Derry to pursue pilot sanitation project Platt properties are final FEMA flood mitigation projects

Members of the public, town officials and the Londonderry Select Board. All photos by Bruce Frauman.

By Bruce Frauman
©2018 Telegraph Publishing LLC

The Londonderry Select Board on Monday night approved a proposal from Planning Commission chair Sharon Crossman to write a letter of interest to the Rich Earth Institute and the Windham Regional Commission to be chosen for a Village Sanitation Pilot Project.

The Select Board has been considering participating in such a project for the past two months.

If chosen, landowners will be asked to voluntarily participate in a survey about their septic and water supply systems. If further funding is available, solutions that would separate urine from the wastewater stream could be offered. One town in the Windham region will be selected for the initial study. Board chair Jim Ameden said he did not want a vote on the actual wording of the letter because two board members were absent.

Kevin Beattie speaks to the flood mitigation process and the Platt properties.

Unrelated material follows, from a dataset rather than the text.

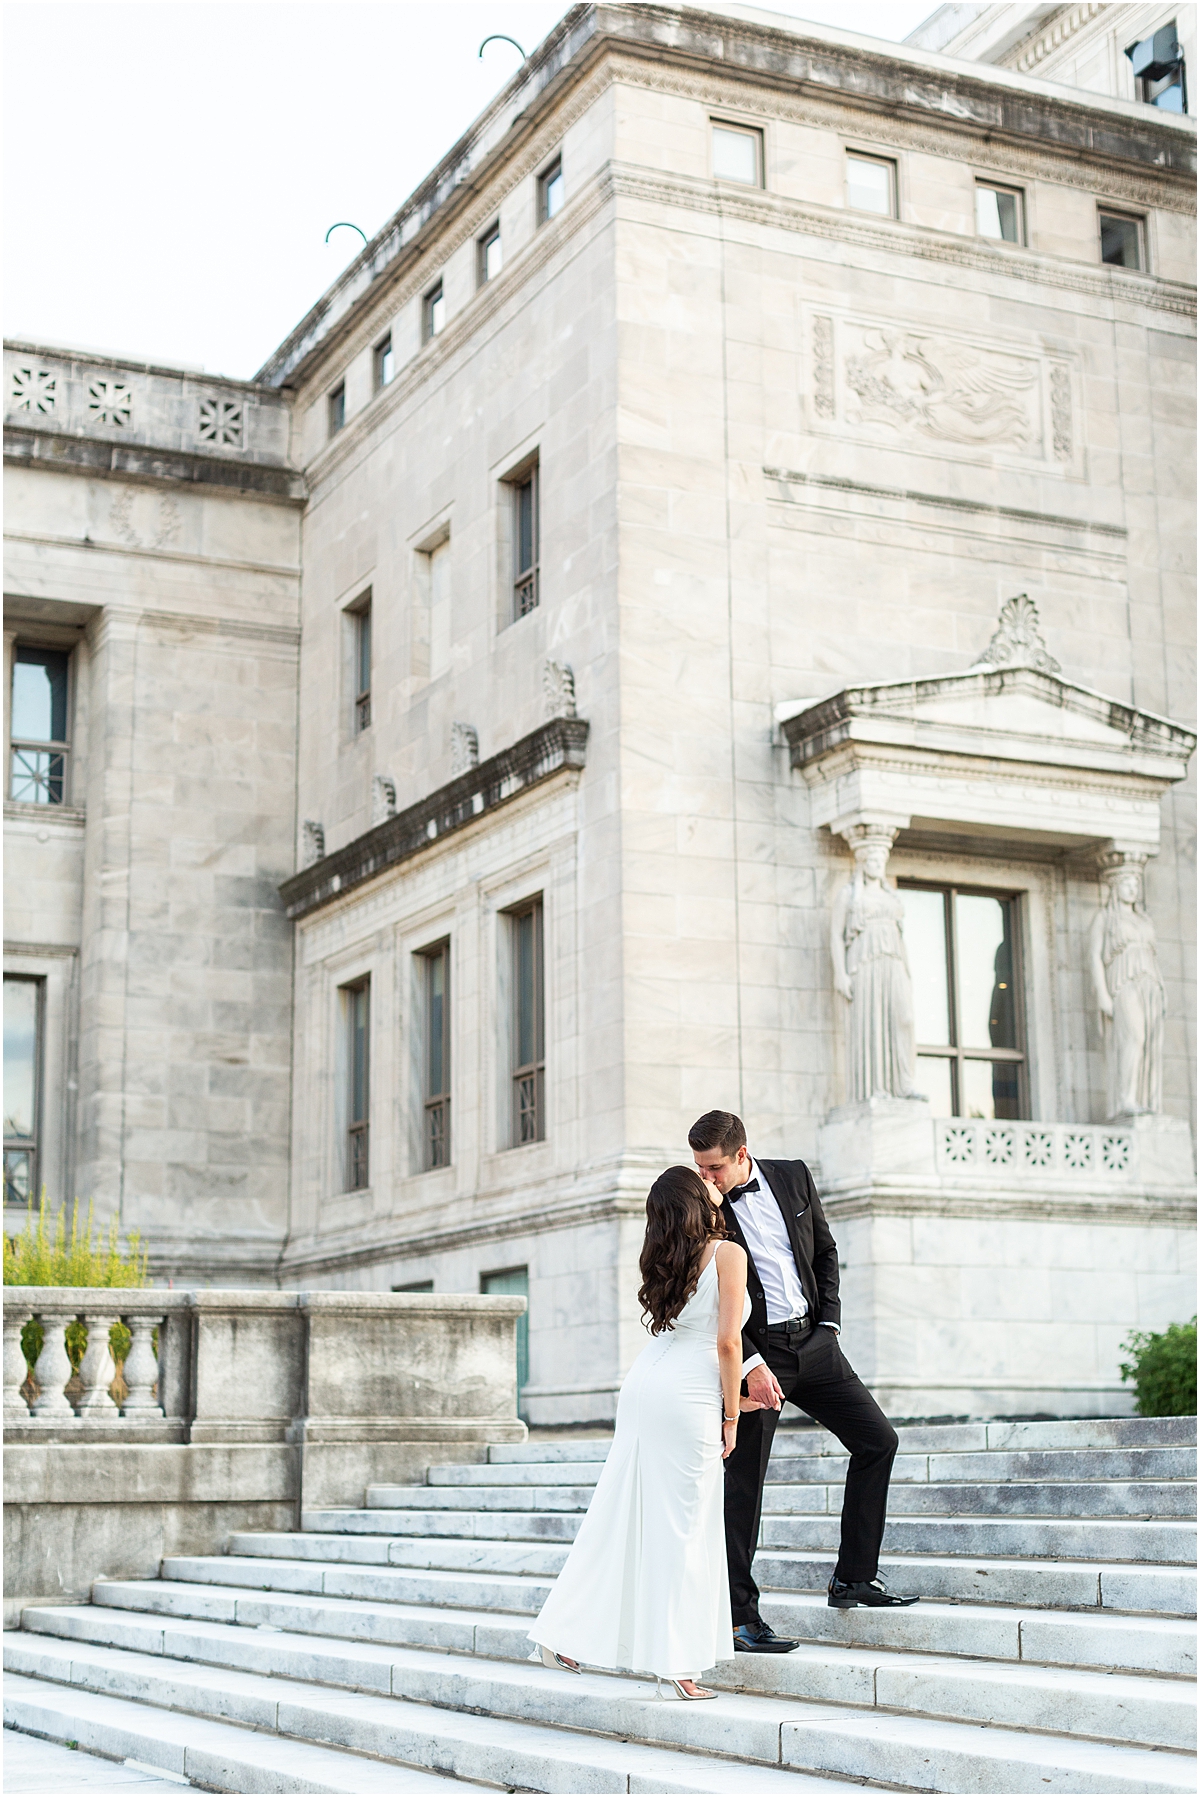 Timeless engagement photos at iconic Chicago locations

Three flood mitigations projects remain

Town Administrator Robert Nied said there are three flood mitigation projects still active from Tropical Storm Irene in 2011 and all are for buildings owned by Tom Platt, who with his wife Judy own the Garden Market restaurant and cafe complex on Route 100/Main Street. Two involve flood walls and membranes and the third would elevate the former Post Office.

Nied said all have been approved by FEMA and all  require Londonderry to process the application, disperse the funds and oversee the projects. FEMA pays 75 percent of the project cost and the property owner pays 25 percent.

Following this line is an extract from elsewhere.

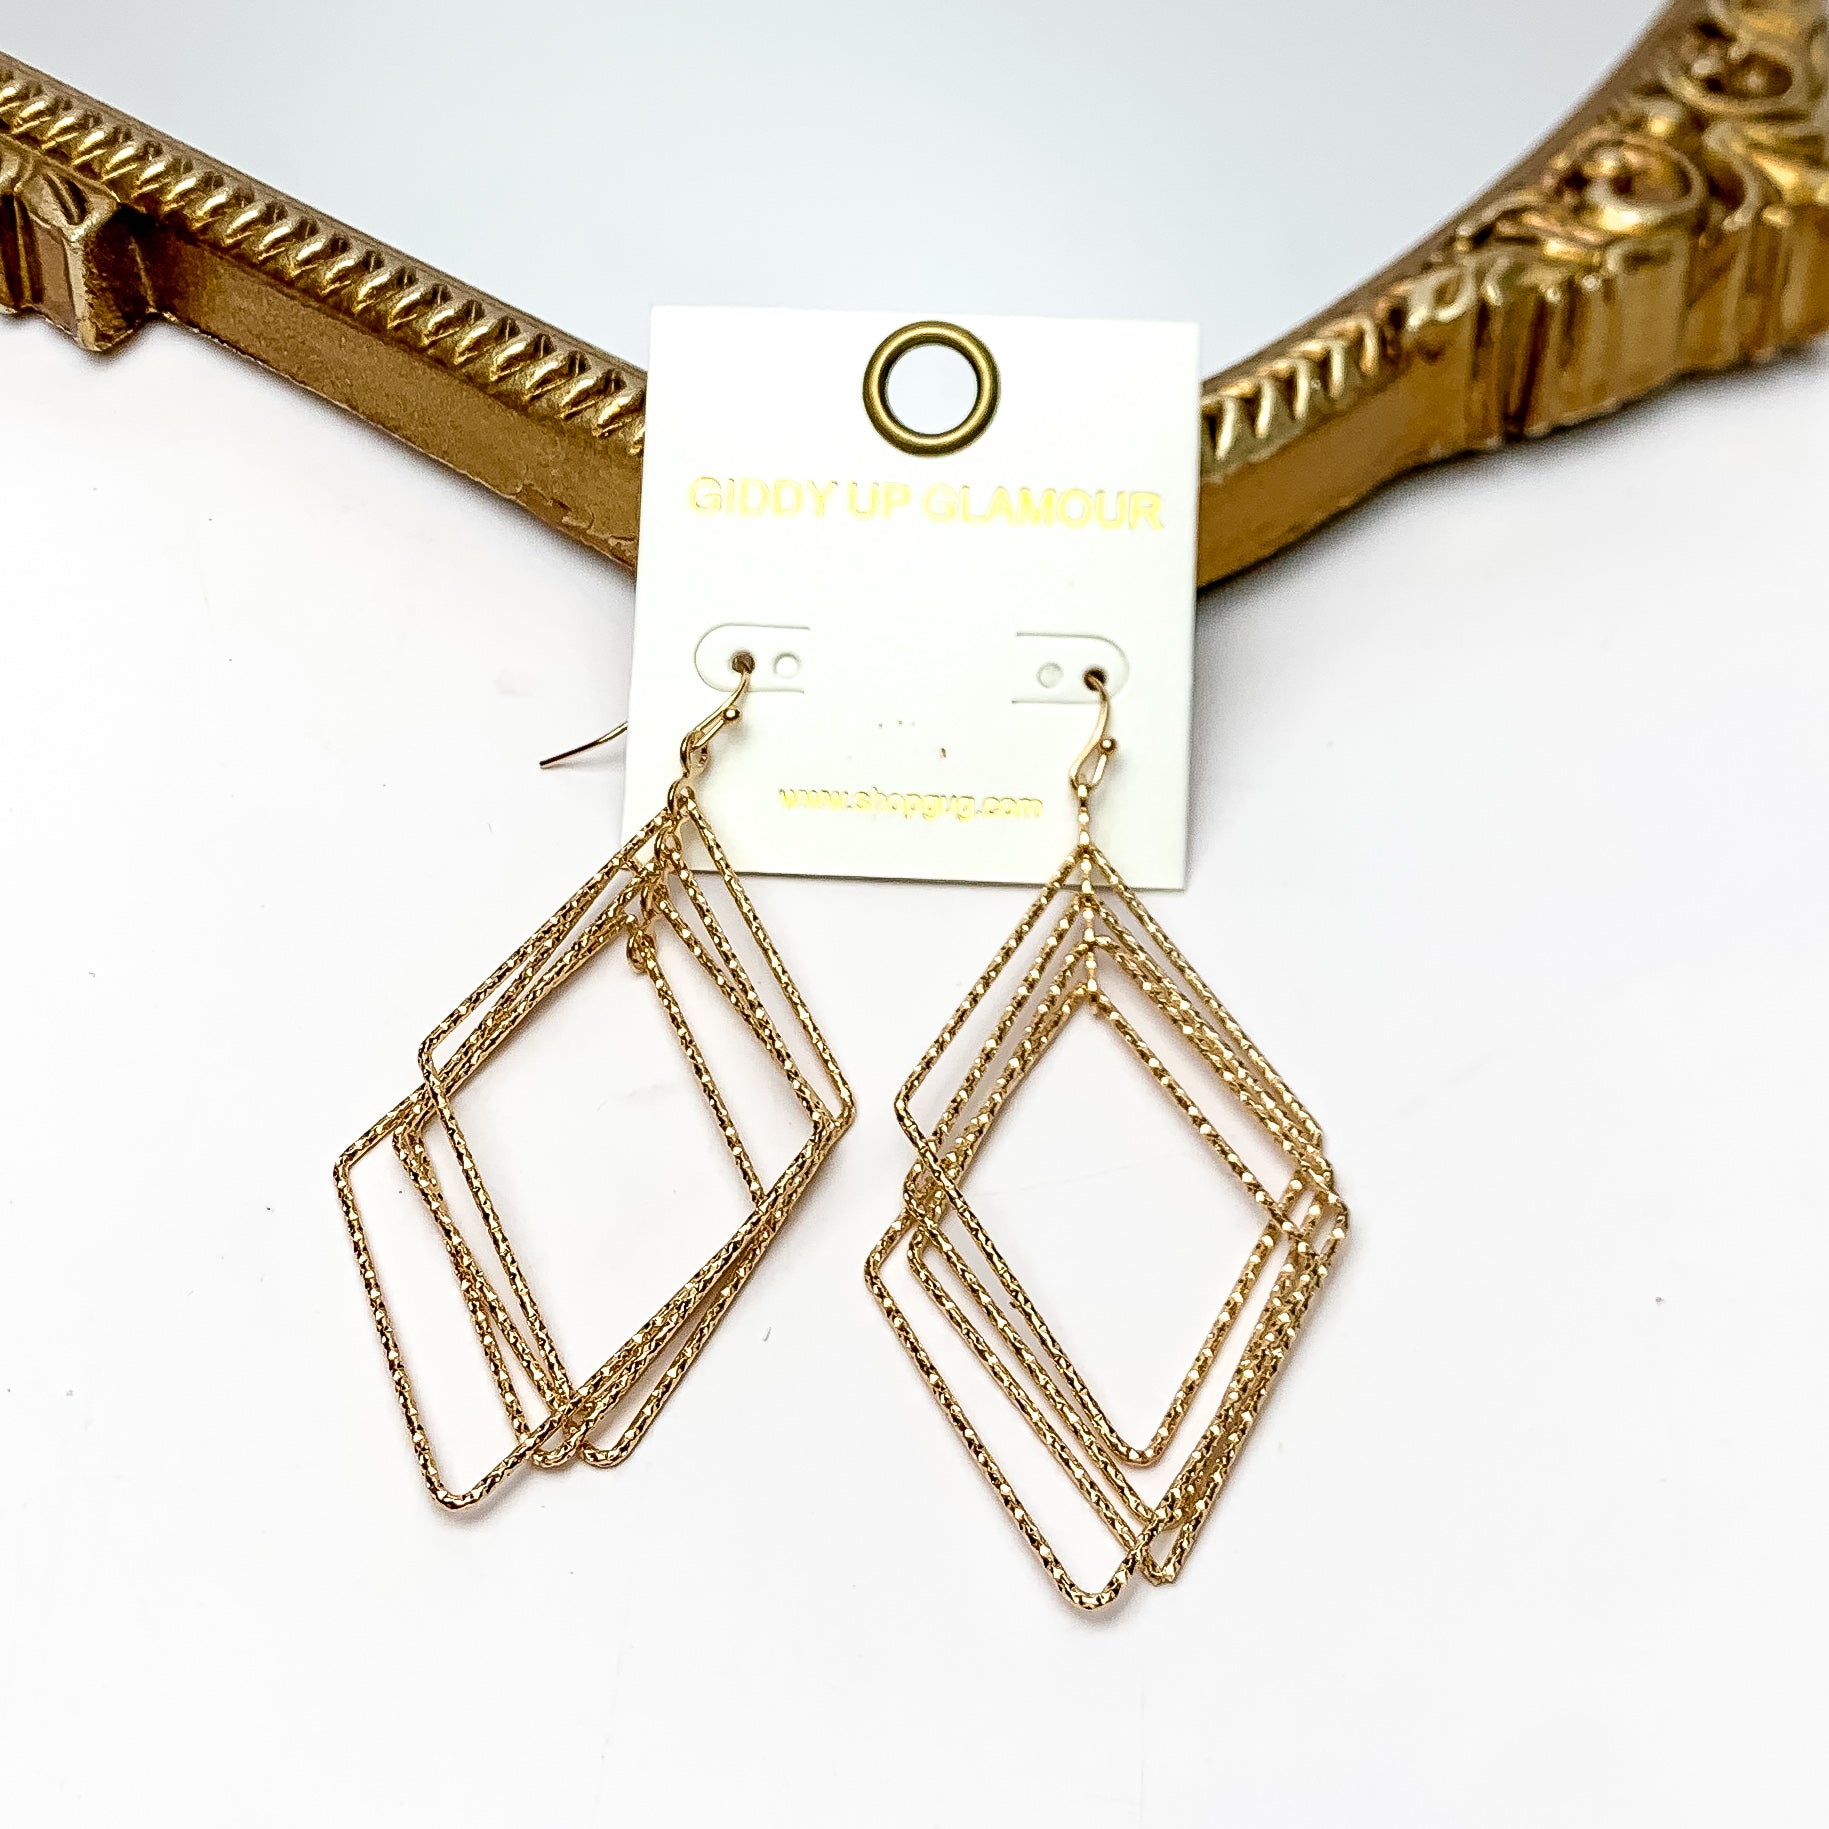 Multiple layered Diamond Shaped Earrings in Gold Tone. These earrings are pictured on a white background with a gold frame around.

Nied said the total construction costs for the three projects is almost $500,000.

Nied and board member George Mora met with representatives from the Windham Regional Commission and the state to get an update on the status of the projects. And both expressed concern that the town could be hit with expenses if the property owner is unable to pay his portion. It was suggested the town come to a memorandum of understanding with Platt that his 25 percent would be placed in escrow.

Board member George Mora, left, and Town Administrator Robert Nied.

Nied said the next step is to negotiate with Platt to see if this was possible. After that, Nied would like to hire a project manager to oversee the projects, paid through the grant.

Ameden said the original agreement with Platt was that “not one dime” of taxpayer money would be spent on the projects. Former town administrator Kevin Beattie said the original grant had a very detailed budget and specified conditions for reimbursement.

Crossman said the most simple project, that of elevating the former Post Office, is still very complex and requires some engineering work. Nied said it has not received approval from the Development Review Board because an engineer is waiting for money for his certification efforts and Platt says the town should pay. Nied said this may be the only way for the project to continue. Ameden asked that no money be spent until the town can be assured of reimbursement. Nied said as negotiations develop, he will come back to the Select Board at every step so they can evaluate any risks together.

In other action

  • The board donated two vehicles abandoned at the Frog’s Leap Inn property to the Londonderry Rescue Squad.  Beattie said the technical unit uses two or three cars a year for training. The vehicles are currently parked at the Transfer Station.
  • Traffic Safety Committee chair Dick Dale was granted permission to publicize an email address,, to which residents can comment on the condition, speed and signage of the roads they live on or frequently drive.
  • Kelly Capen told the board that two years ago an incorrect 911 address nearly killed her son, who was in a diabetic shock. The rescue squad passed her house three times before finding it through another method than the 911 address. Her address has since been corrected.  Mora asked if there is a mechanism for a resident to verify their 911 address. Treasurer Tina Labeau said there is a 911 map in the office that residents can compare to their posted street address.
  • Jim Twitchell was appointed to be the town’s 911 Coordinator and Fire Warden until Town Meeting 2019.